4.5 Granule characterisation
4.5.1 Friability (III)
The friability of the granules was determined from change in particle size detected by spatial filtering technique (SFT). First 5 g of each granule batch was measured with SFT. Then, the friability of the granules was tested. The same amount of granules (5 g) and glass beads (diameter 5 mm) were weighed in a 100 ml container and the container was spinned in a Turbula® mixer (type T2F, WA Bachofen, Basel, Switzerland) for 5 min at 96 rpm. Then, the 5 g batch of granules was measured again with SFT. The size fraction d50 values of the batches before and after the friability tests were compared and the difference between the d50 values was calculated.
4.5.2 Compactibility (III)
The compression properties of the granules were studied with an instrumented eccentric tablet machine (Korsch EK0, Erweka Apparatebau, Germany). Three samples (250 mg each) of every batch were manually poured into a die and tabletted at various compression forces. Tablet punches used were flat faced and 9 mm in diameter. The starting compression force was determined individually for each batch to obtain tablets strong enough for handling. The tablet die was lubricated before every tabletting with a solution of magnesium stearate and acetone (20 % w/w). For batches, at least five tablets of 250 mg (+/- 10 mg) were compressed. For every compression force, one tablet (n=1) was compressed because of the small batch size. Thereafter, the breaking force (BF) of the tablets was measured using a tablet hardness tester (Erweka, Germany).
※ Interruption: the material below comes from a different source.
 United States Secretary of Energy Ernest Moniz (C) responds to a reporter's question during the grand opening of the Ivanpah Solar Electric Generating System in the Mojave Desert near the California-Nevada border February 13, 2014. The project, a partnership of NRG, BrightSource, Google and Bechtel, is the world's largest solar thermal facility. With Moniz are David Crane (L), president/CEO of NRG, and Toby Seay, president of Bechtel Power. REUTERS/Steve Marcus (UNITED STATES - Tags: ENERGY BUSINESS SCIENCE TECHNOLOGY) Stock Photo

Compactibility of the granules was evaluated by plotting the breaking force (BF) of the tablets as a function of the maximum force of compression. The curve obtained is material dependent and describes the tablettability of the mass i.e. how strong bonds the particles develop during compression as the compression force is increased. In the paper III slope (K) of the linear part of this curve has been used as a response in modelling.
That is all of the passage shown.